#### What is expected
Nothing outside the range is to be copied. From the entries below, reproduce exactly the lines starting at the one with "Katadyn Micropur Classic" and ending at the one with "広島の｢平和活動｣に感じる微妙な矛盾と残念さ 原爆と核兵器廃絶は別問題なのか |", without pictures.

#### Input data

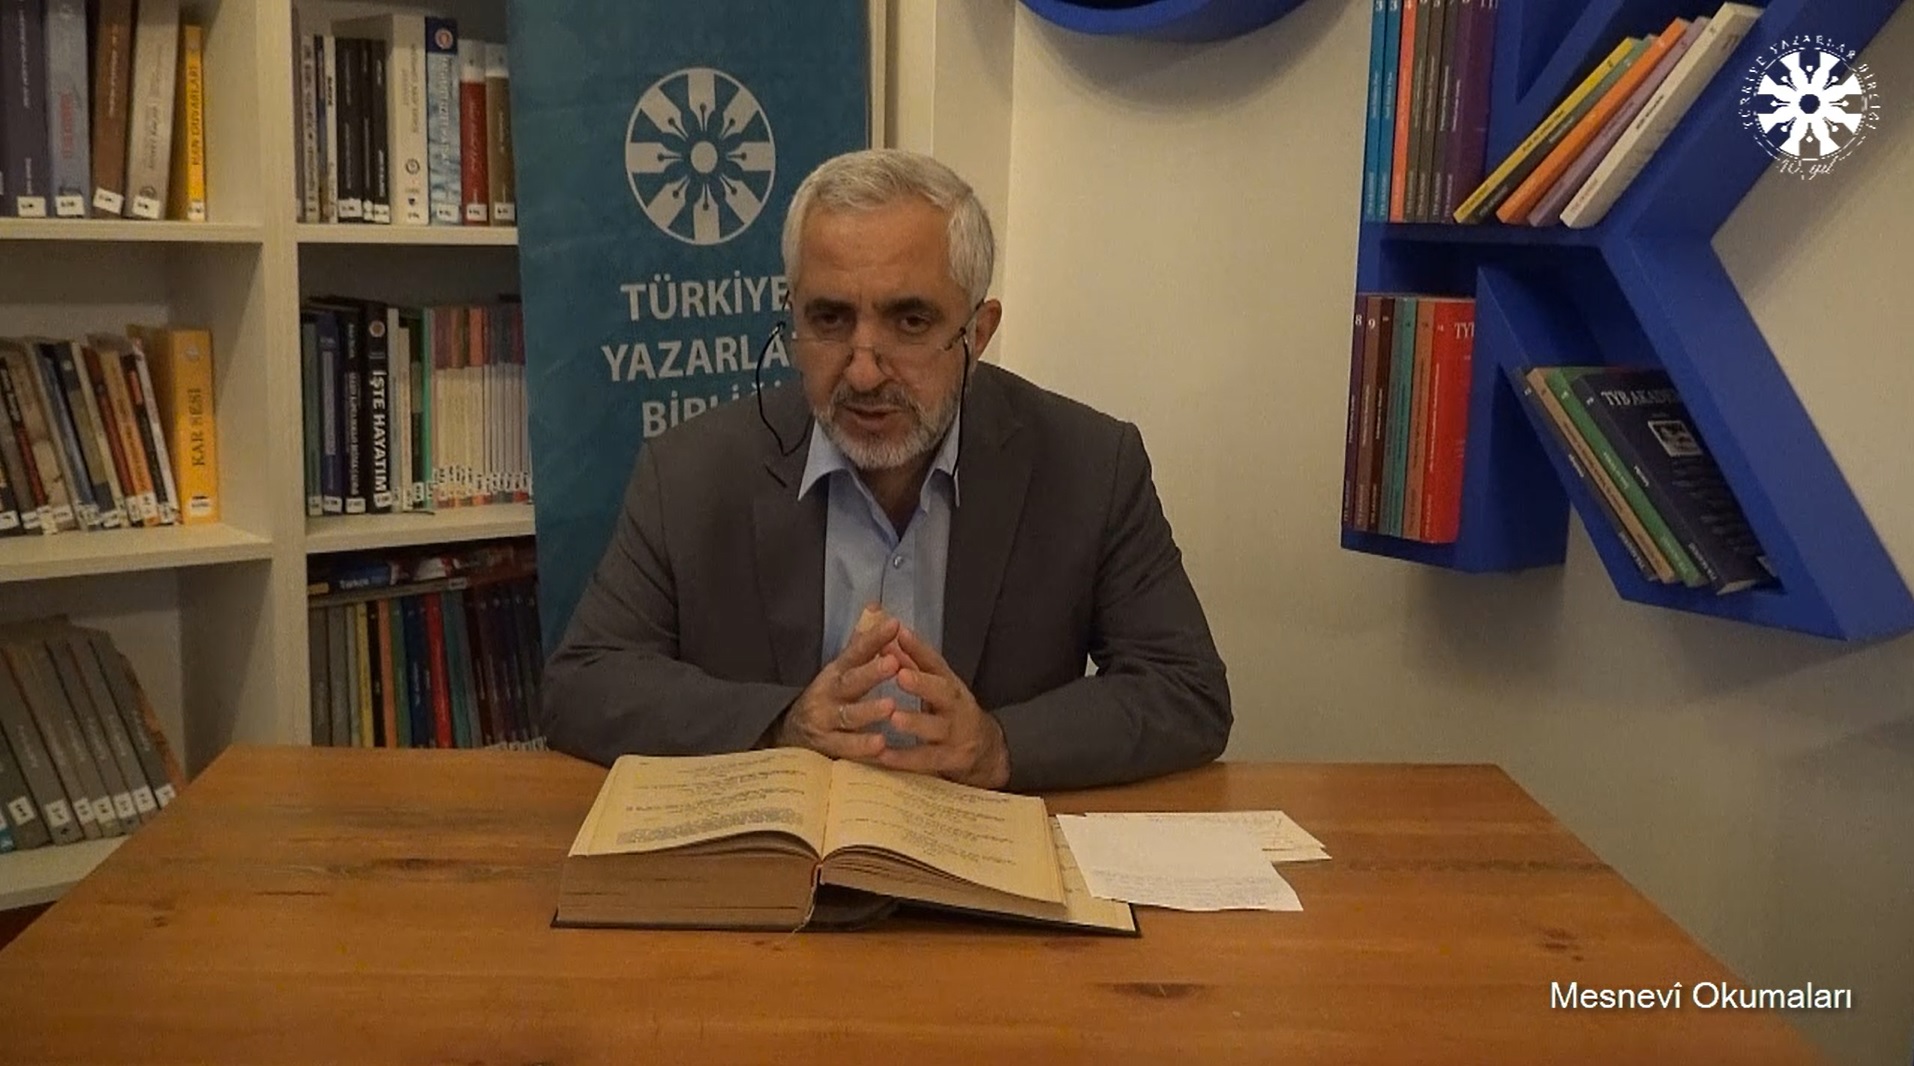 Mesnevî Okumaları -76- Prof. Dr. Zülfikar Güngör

* * *

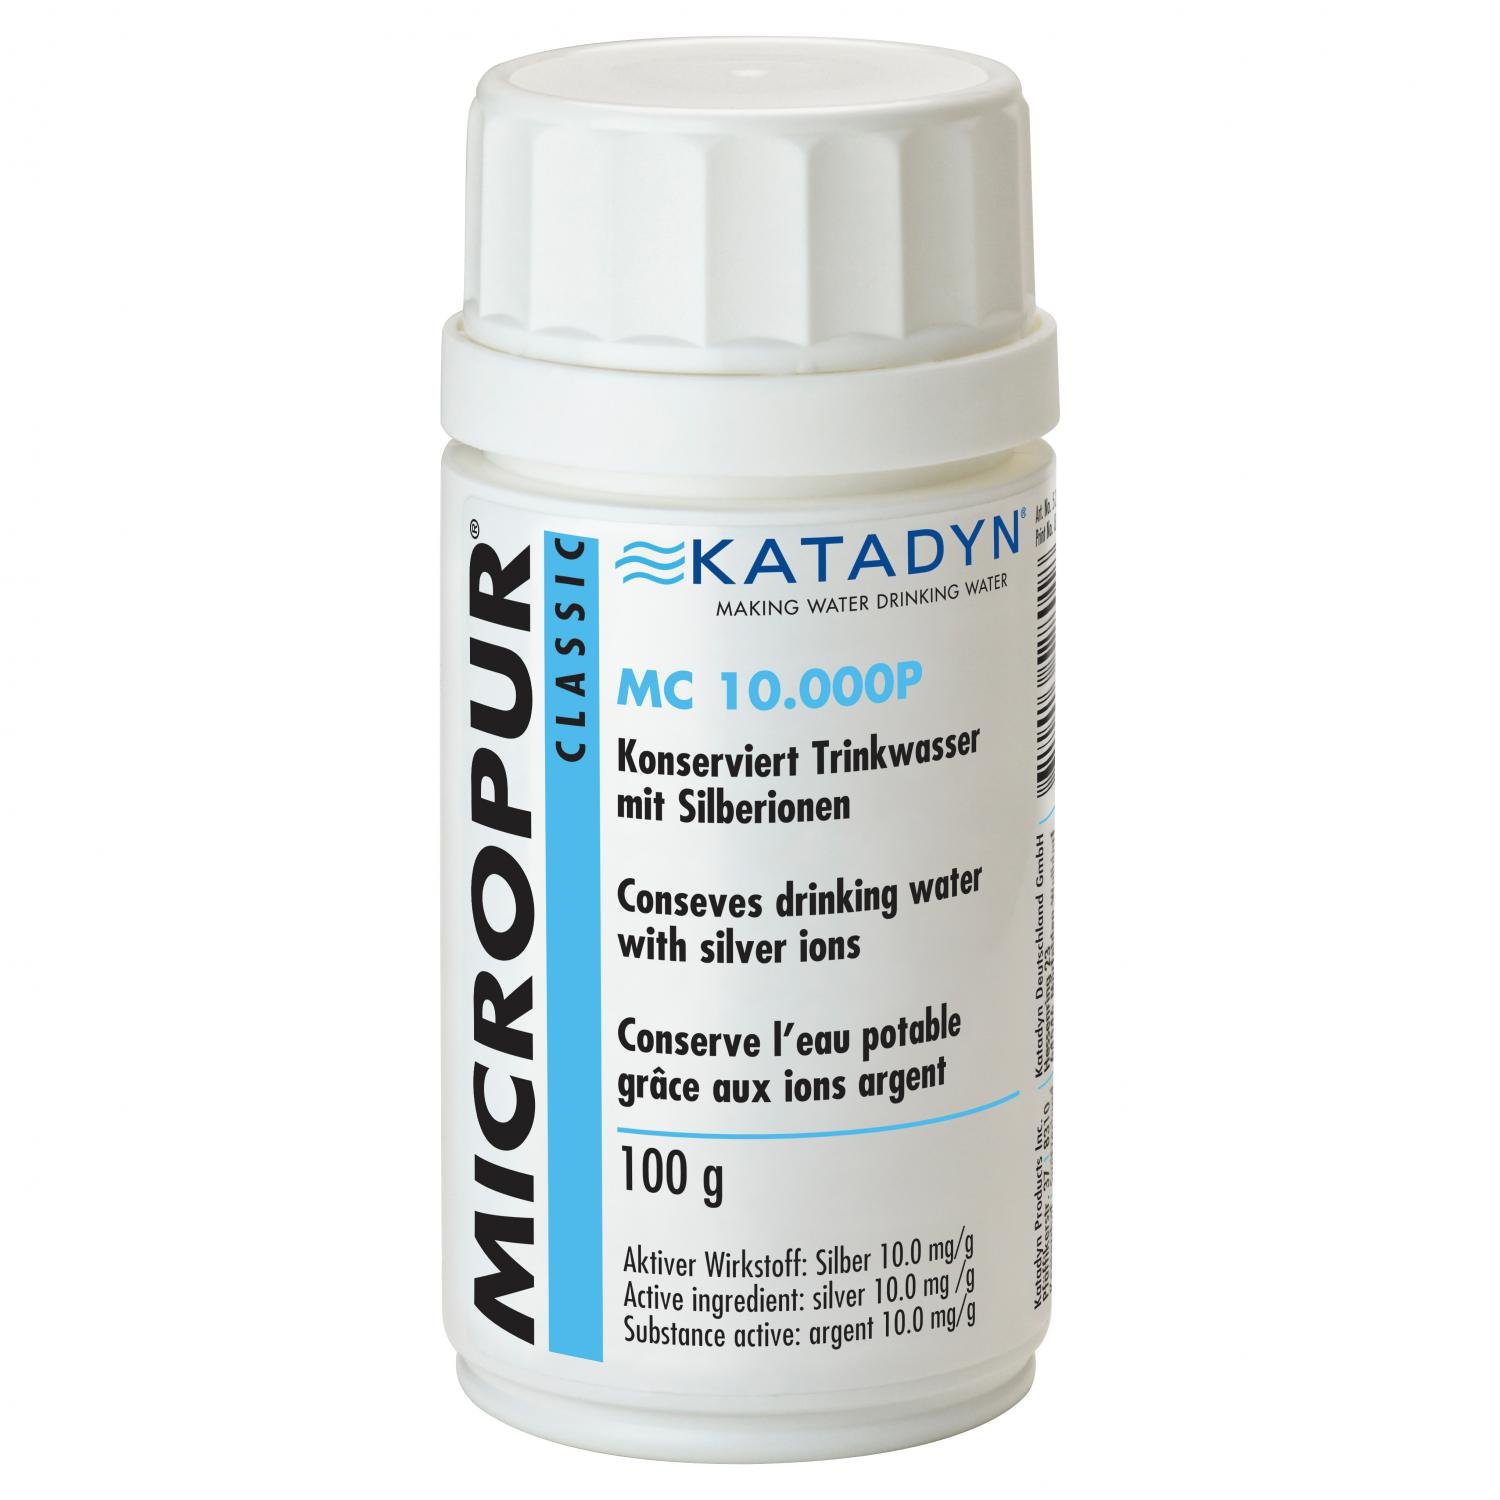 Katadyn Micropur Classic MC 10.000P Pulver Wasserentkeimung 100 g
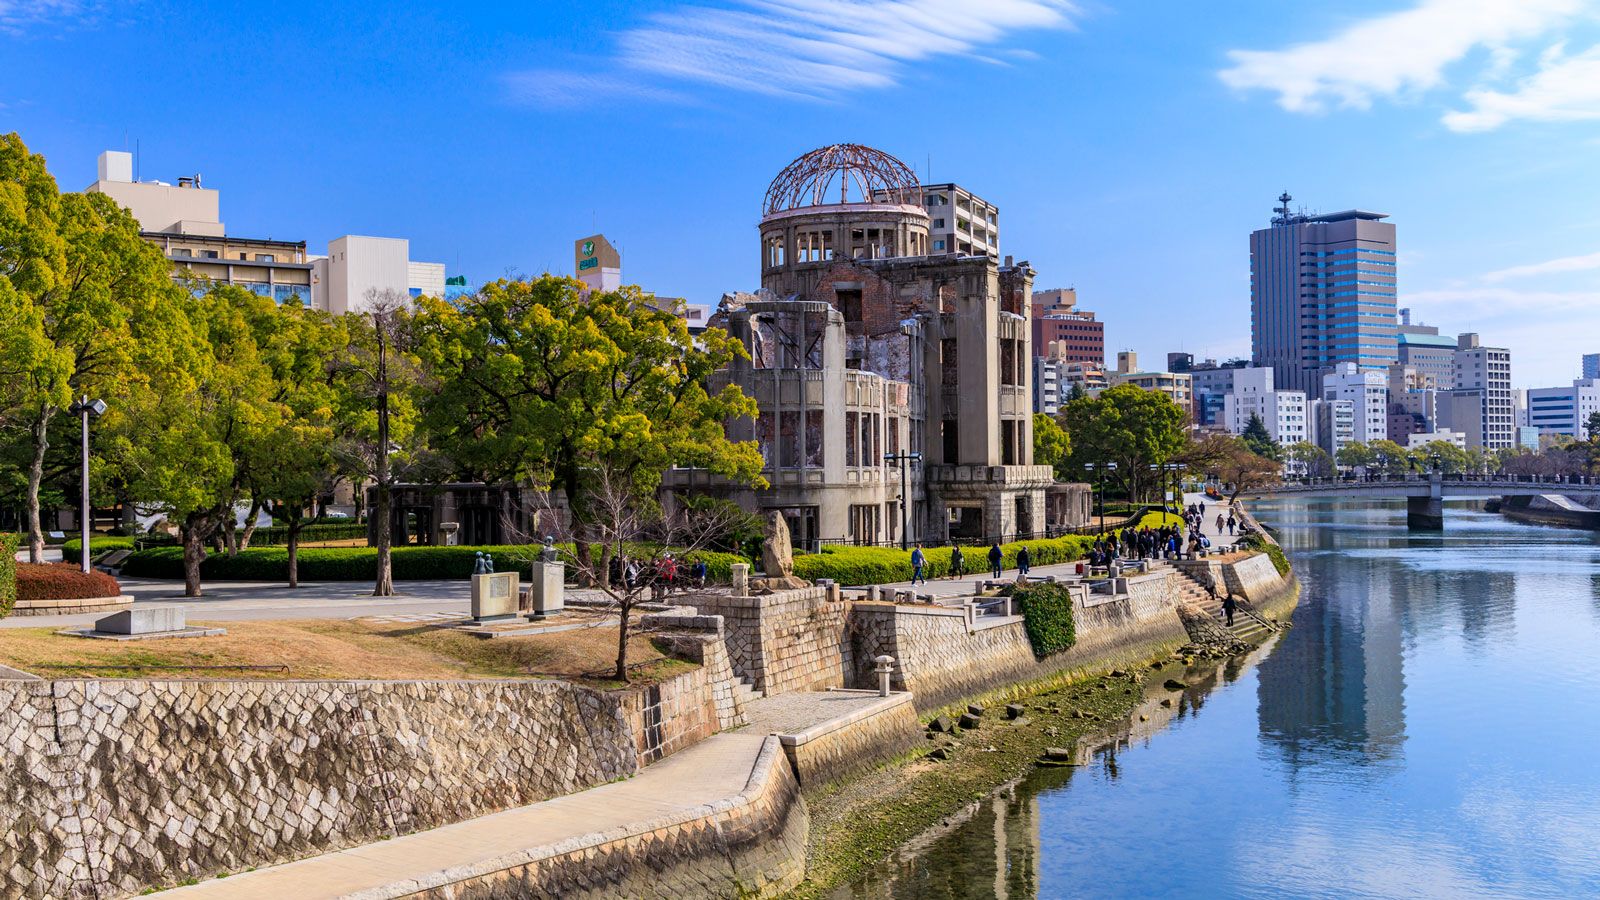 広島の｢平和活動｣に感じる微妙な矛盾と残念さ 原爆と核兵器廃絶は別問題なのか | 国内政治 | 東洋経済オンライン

---

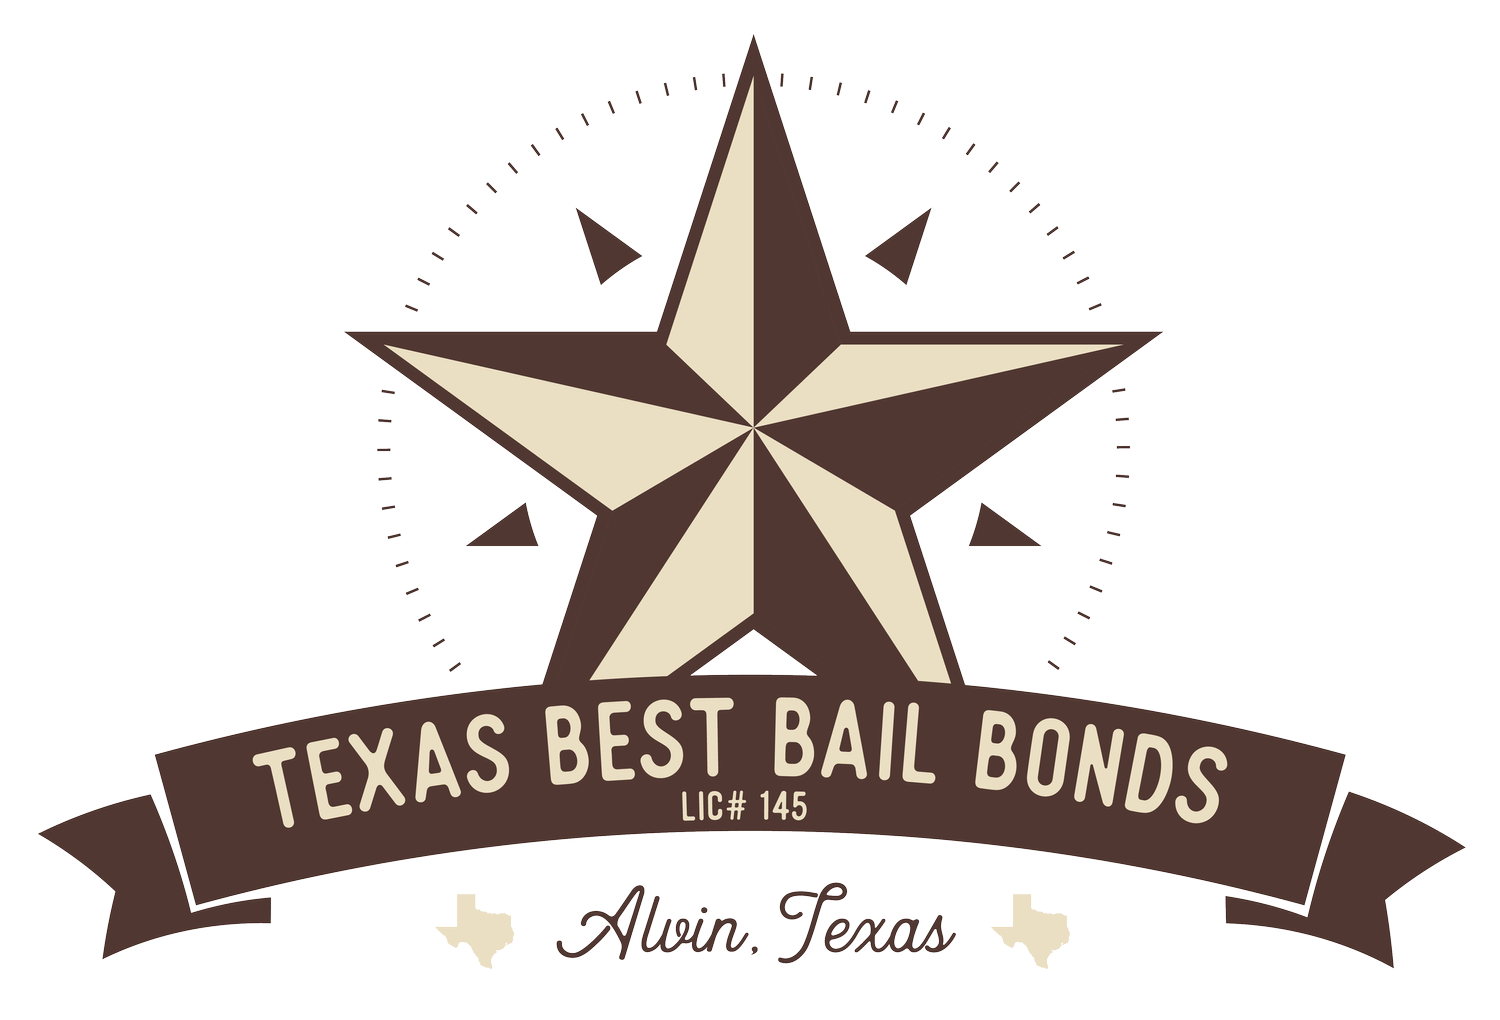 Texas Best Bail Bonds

#### Written solution
 Katadyn Micropur Classic MC 10.000P Pulver Wasserentkeimung 100 g
 広島の｢平和活動｣に感じる微妙な矛盾と残念さ 原爆と核兵器廃絶は別問題なのか | 国内政治 | 東洋経済オンライン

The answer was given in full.